Из горницы вышла бабушка, улыбнулась нам и сама всем чаю налила, а банку с медом поставила так, чтобы всем удобно было брать.

Мы деликатно отхлебнули по глоточку чаю, мед ложечками поддели. Сладкий, душистый мед! В другое время ему было бы отдано должное, как говорится, но сейчас нам не до сладостей. Дедушка Петрован это заметил и сам начал разговор.

— С чем пожаловали? — обвел он нас пытливым взглядом. — Выкладывайте живей. Недосуг мне с вами канителиться, в тайгу побегу, сенца надо сохатым подкинуть.

— Мы хотим летом пойти нефть поискать. В порядке самодеятельности, бойко затараторил Кольча.

— Шустряк! — усмехнувшись, покачал головой дедушка. — У геологов, которые тут два года мытарились, буровые были. А вы чем, пальцем землю ковырять будете?

Ванюшка опустил глаза в блюдечко. Я знаю: всякое вранье для него нож острый. Не любит он кривить душой. Мне тоже неловко.

А Кольча не растерялся. Чешет языком почем зря, стараясь ошеломить дедушку научной терминологией.

— Структура земной коры здешних мест особенная. При воздействии магмы она выгнулась, как крышка у банки с попорченной килькой. Тектонические сдвиги сломали скальные сбросы, сместили их…

— Стоп! — оборвал разошедшегося Кольчу дедушка Петрован. — Ты кому, паря, мозги-то пудришь?

— Я не пудрю! — растерянно заморгал глазами Кольча. — Вы разве не слышали, что нефть просачивается на поверхность? Эвенки еще в начале нынешнего столетия находили в наших краях битум… Это же окаменевшая нефть! Они ее назвали «горючий камень».

— Стоп! — опять остановил Кольчу дедушка Петрован.

Тут Ванюшка уже не выдержал и прямо бухнул:

— Он золото нашел, дедушка. Самородок. В гусенице вездехода.

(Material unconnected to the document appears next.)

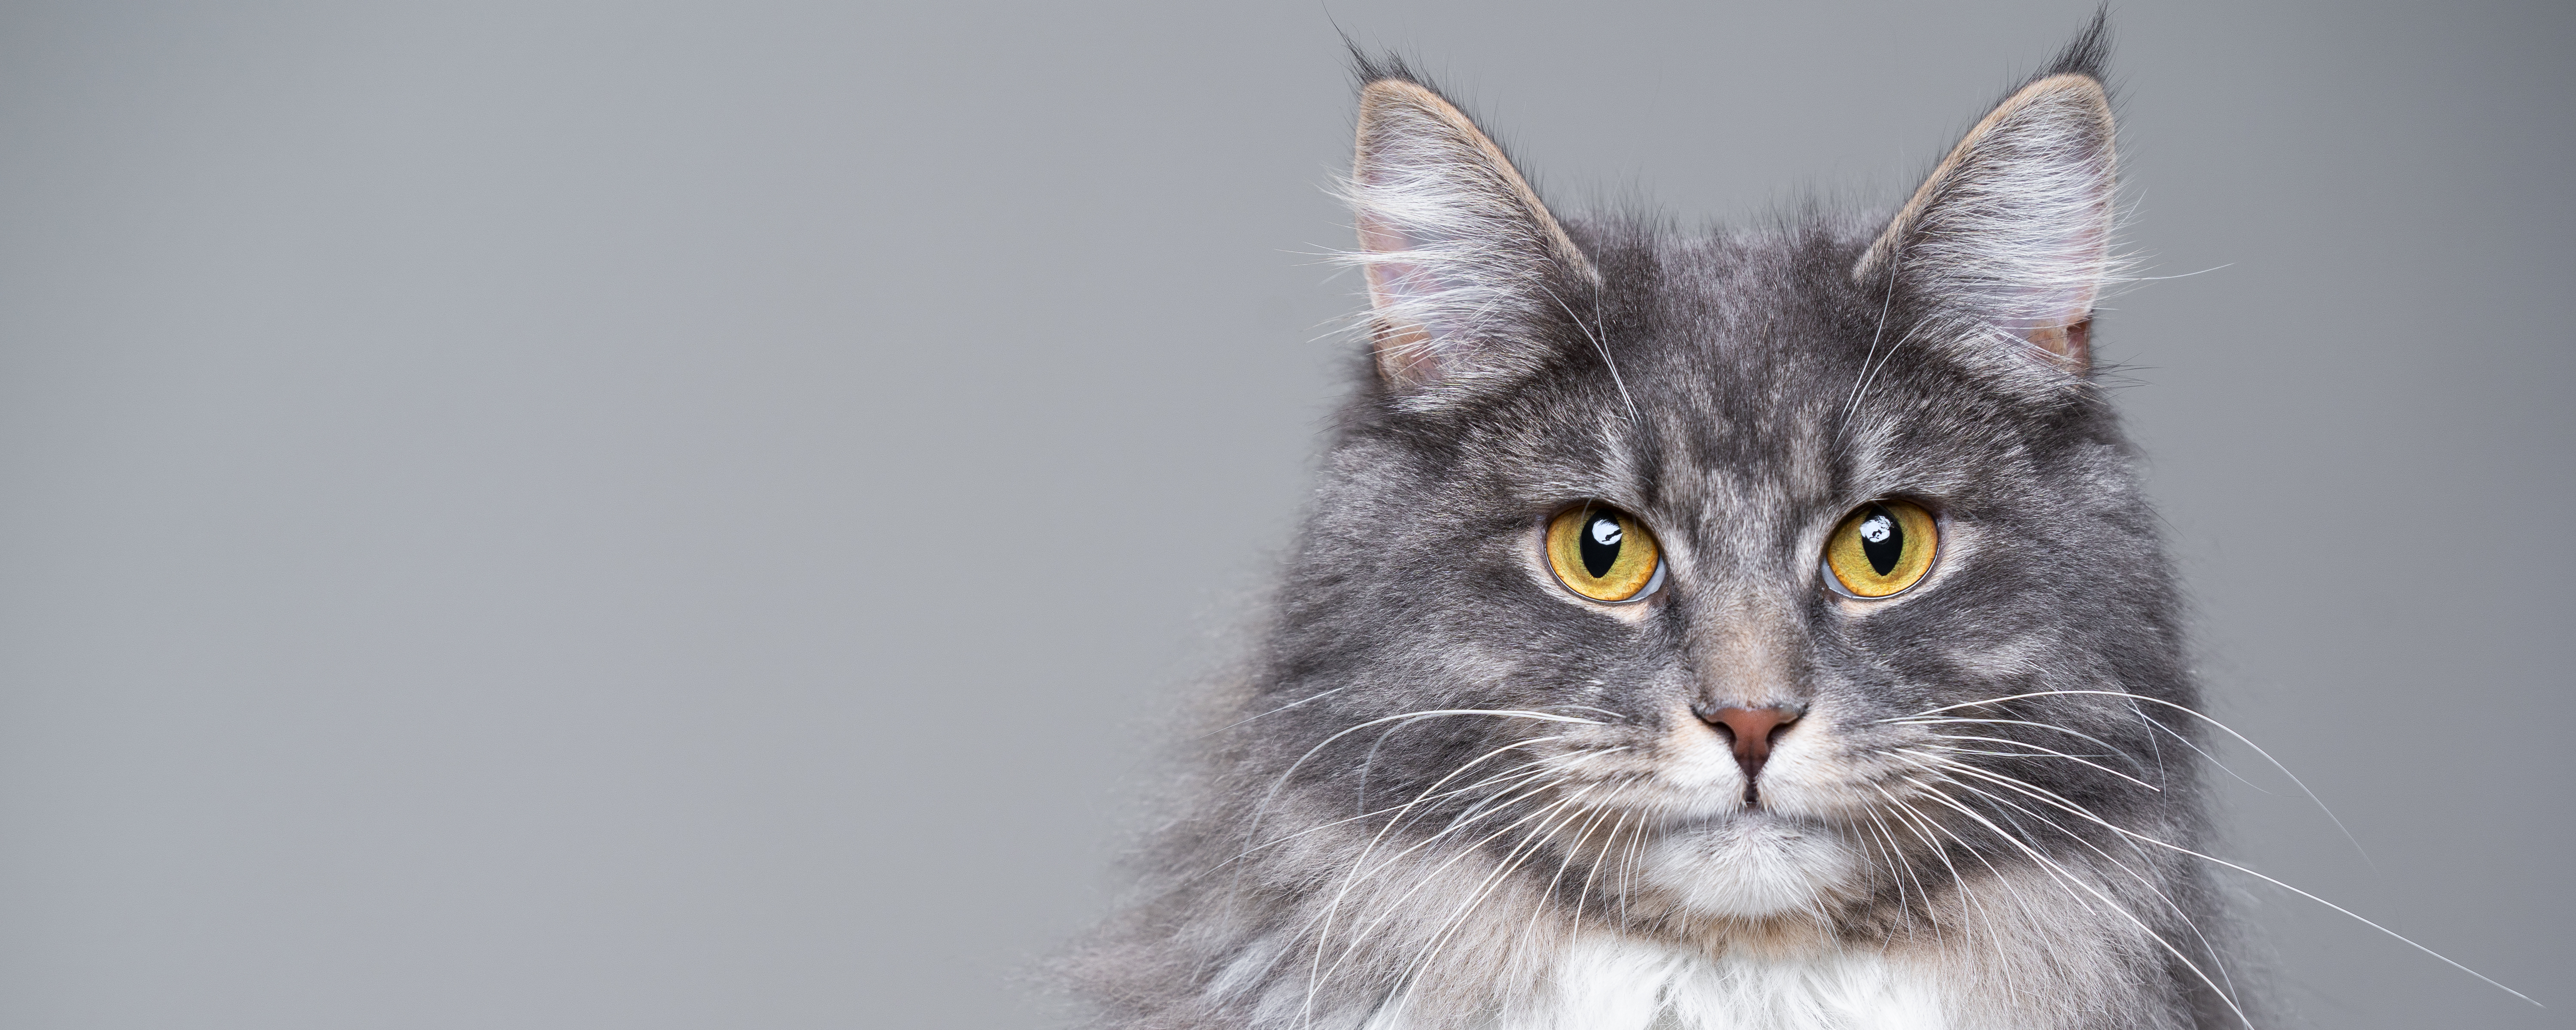 Проблема перхоти у кошек: причины и способы борьбы

— Только вы пока никому не говорите, пожалуйста, — залепетал Кольча, сверкнув глазами в сторону Ванюшки. — Мы не хотим раньше времени всем рассказывать.

Он кинулся к своей дошке, висевшей на вешалке, и вернулся с баночкой из-под диафильмов.

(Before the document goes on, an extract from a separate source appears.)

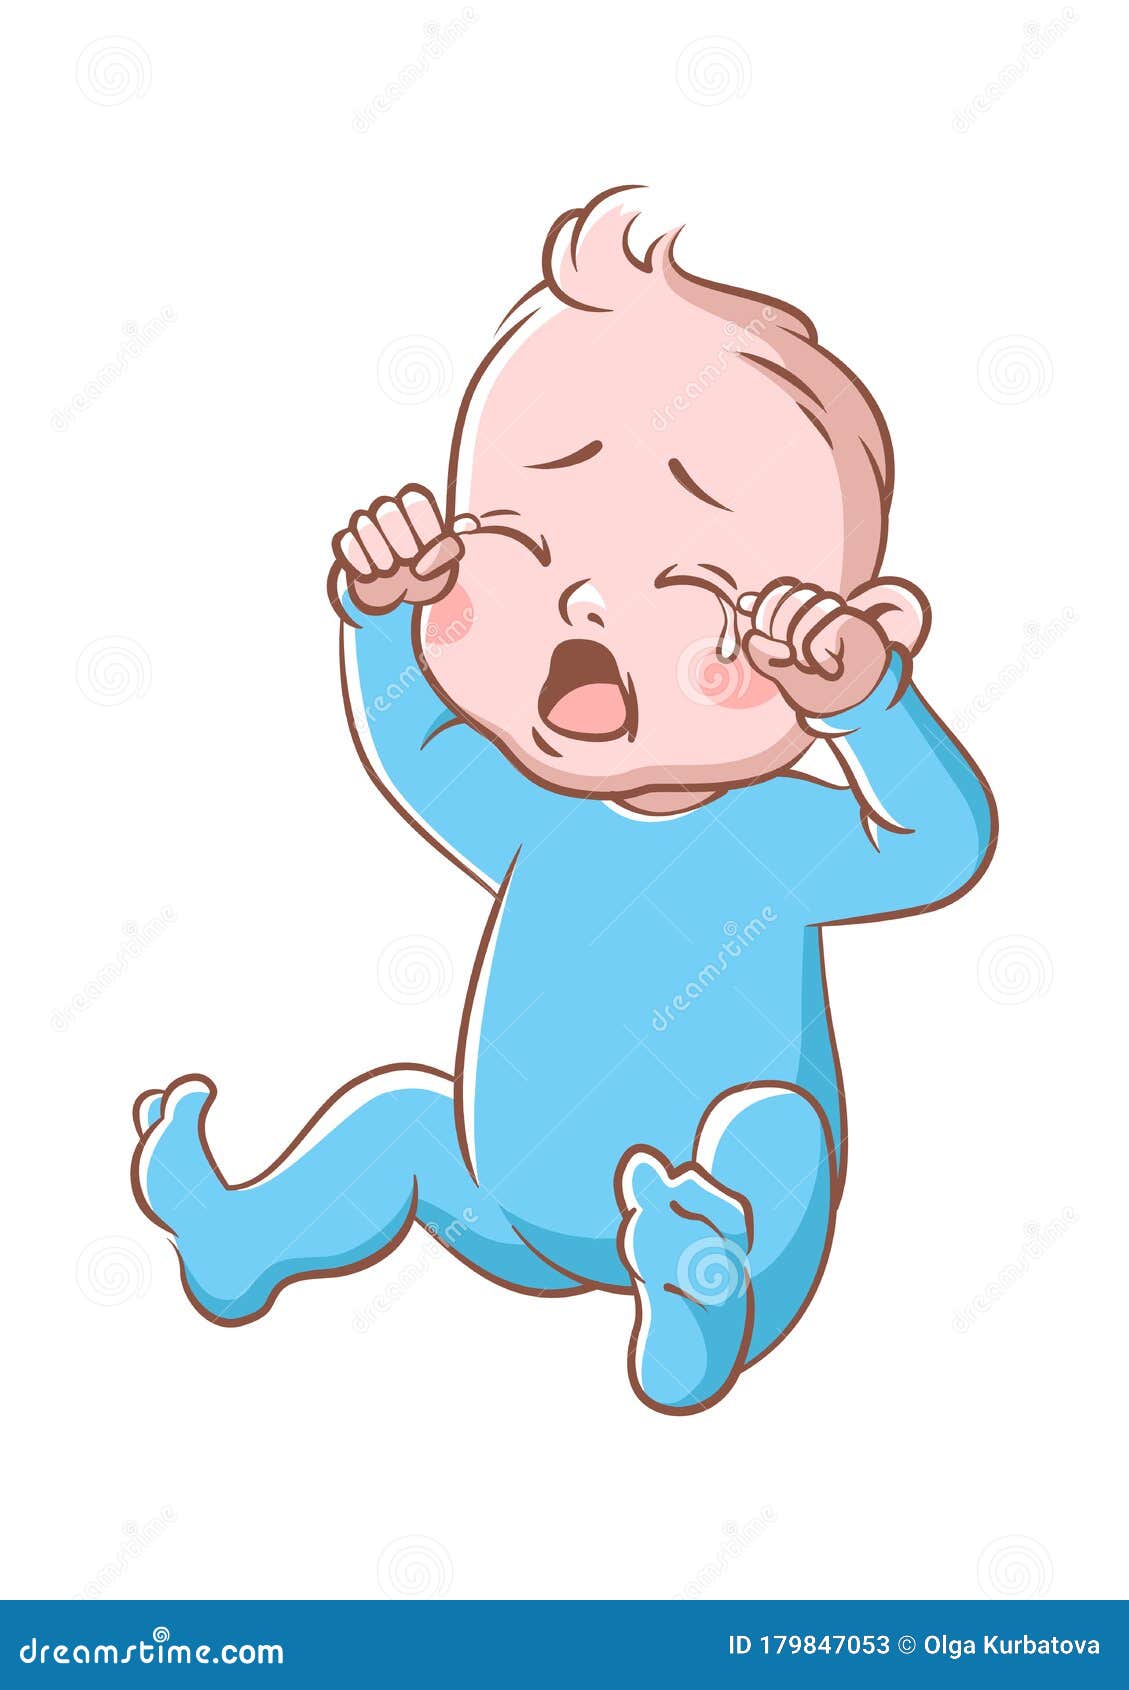 desenho animado bebê está chorando, ilustração vetorial 3692209

— Вот он, мой самородок! Я его суконкой надраил.

Дедушка Петрован положил на широкую ладонь Кольчину золотинку и отнес ее от глаз чуть ли не на вытянутую руку. Бабушка убирала со стола.

— Нацепи очки-то, чего мучаешься? — засмеялась она и подмигнула Ванюшке. — Все молодится!

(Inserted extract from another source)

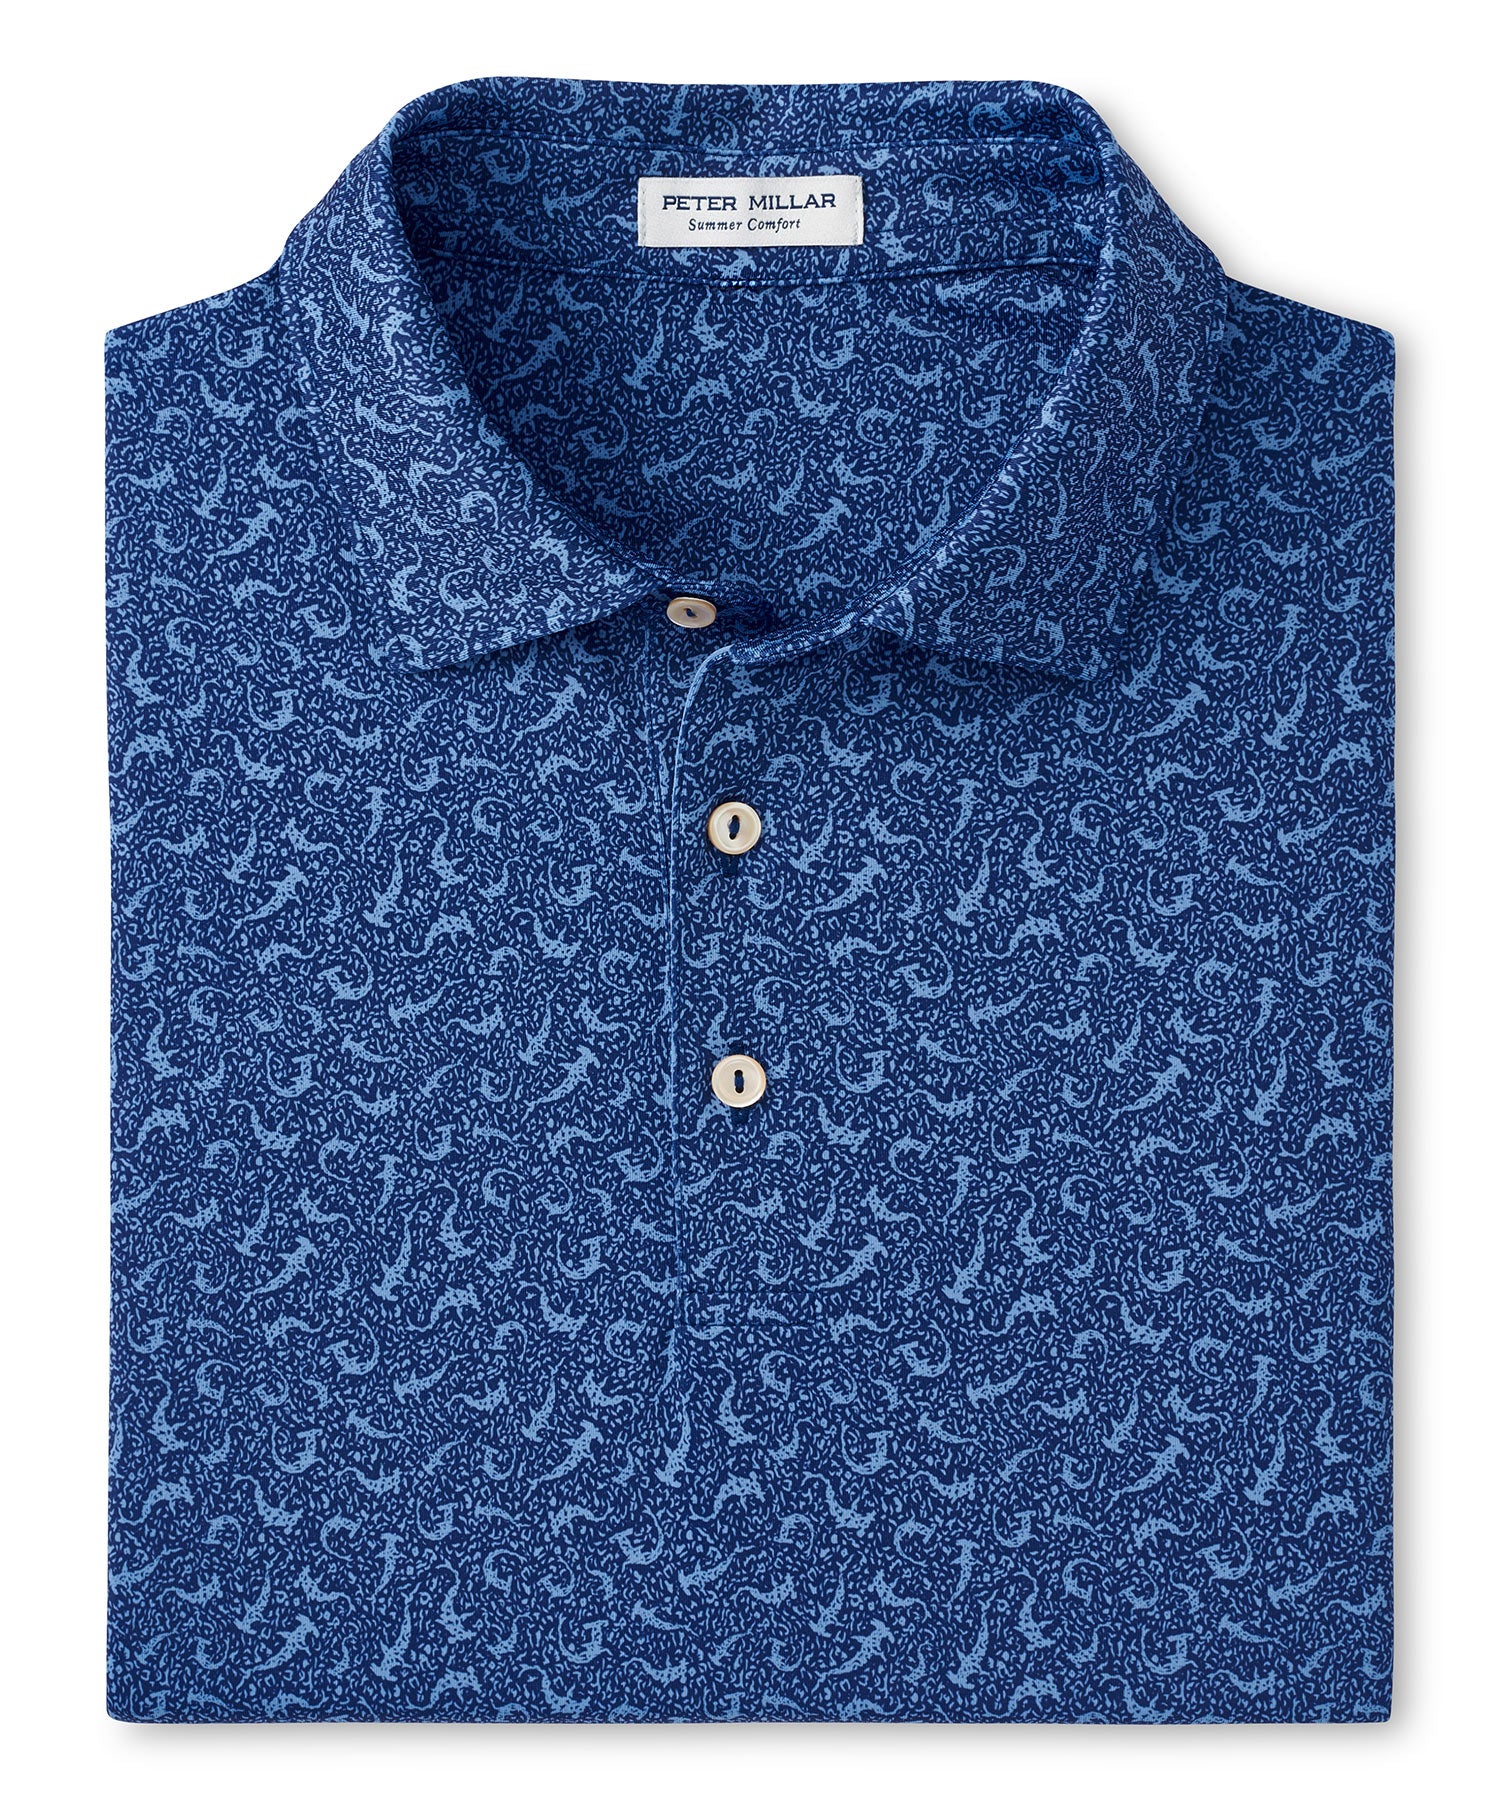 Peter Millar Short Sleeve Hammertime Print Polo Knit Shirt, Men's Big & Tall

— Я и так все вижу! — буркнул дедушка Петрован, сосредоточенно разглядывая золотинку. Потом обвел всех нас долгим взглядом и добавил точно так же, как это делает Ванюшка, когда надо над чем-нибудь призадуматься: — Дело-то нешутейное, ребятки…

— Государственное! — поддакнул с готовностью Кольча.

— Вот-вот.

— Может быть, этот самородок из того местечка, откуда нес свое золото в кисете тот охотник. Помните, нам рассказывали про него, — зачастил вдохновенно Кольча. — Где-то в этих краях обязательно есть месторождение золота. Наш долг — разыскать его. Верно, парни?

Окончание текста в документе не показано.